= Dugald McQuistan =

Scottish mathematician

Prof Dugald Black McQuistan FRSE (1879 – 2 April 1946) was a Scottish mathematician.

==Life==

He was born at Inverkip in Renfrewshire 1879. He was the son of Alexander McQuisten, a baker, and Agnes Leitch, the daughter of a grocer and market gardener. He was educated at Whitehill School in Glasgow. On 11 December 1895 it was announced in The Scotsman:

Dougald McQuistan and Peter Ramsay, two students of the secondary department of Whitehill Public School, Glasgow, have been awarded by the Science and Art Department "Queen's Prizes" to mathematics.

After studying Mathematics and Physics at Glasgow University he returned to Whitehill School to teach maths. From there he moved to teach at Allan Glen's School and then to the High School. He appears to have continued to live with his parents, then at 33 Renfield Street in Glasgow.
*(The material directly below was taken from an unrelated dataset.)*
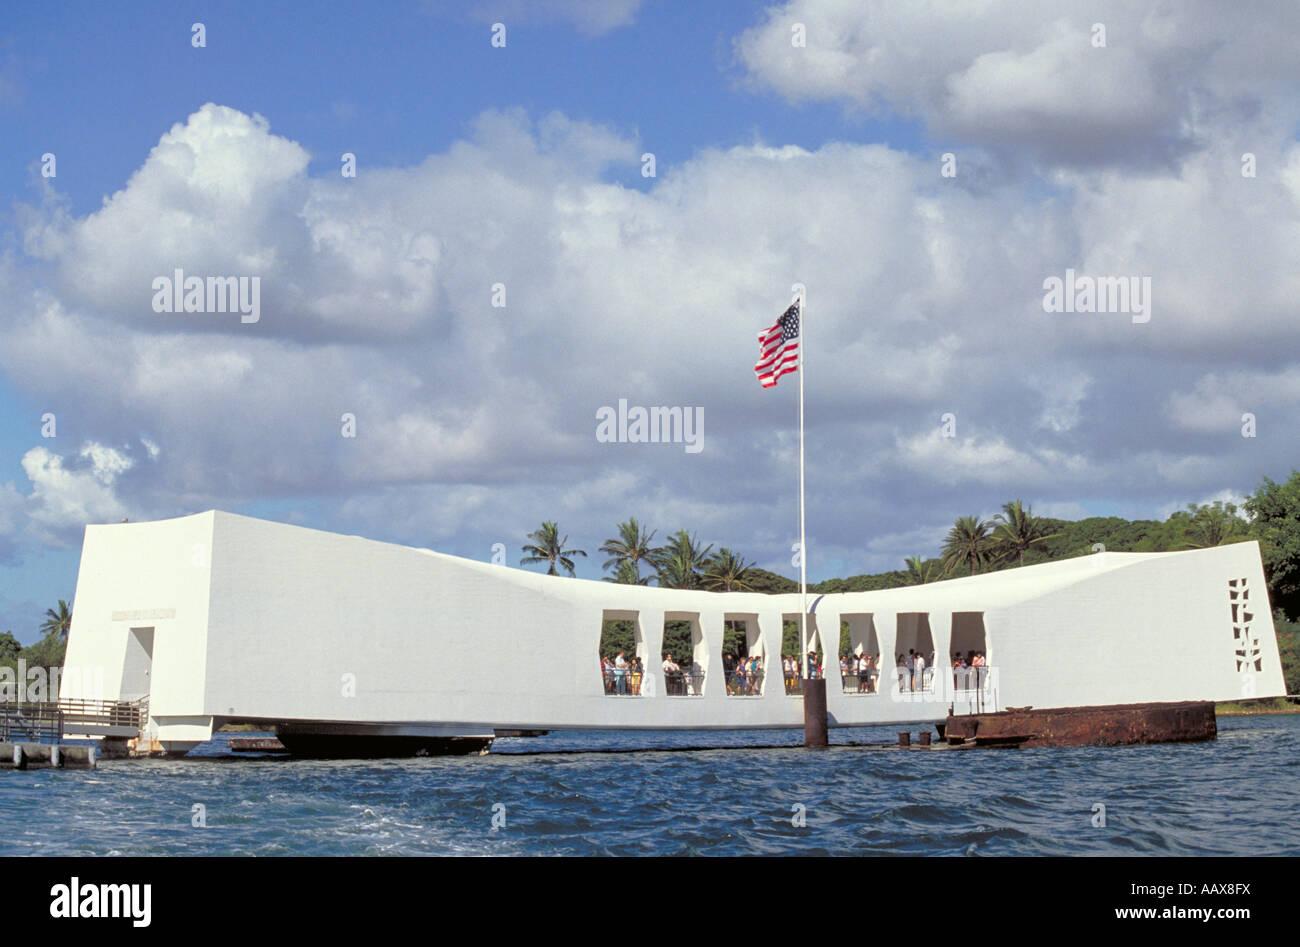 Elk214 1744 Hawaii Oahu Pearl Harbor USS Arizona Memorial Stock Photo

In 1921 he was elected a Fellow of the Royal Society of Edinburgh. His proposers were Andrew Gray, George Alexander Gibson, John Gordon Gray and Robert Alexander Houston.

In 1925 he became an associate professor of Natural Philosophy (Physics) at the Royal Technical College, Glasgow. He was given a full professorship in 1938 and retired in 1942.

He died on 2 April 1946. His sister Elizabeth Leitch McQuistan, a teacher, confirmed his death.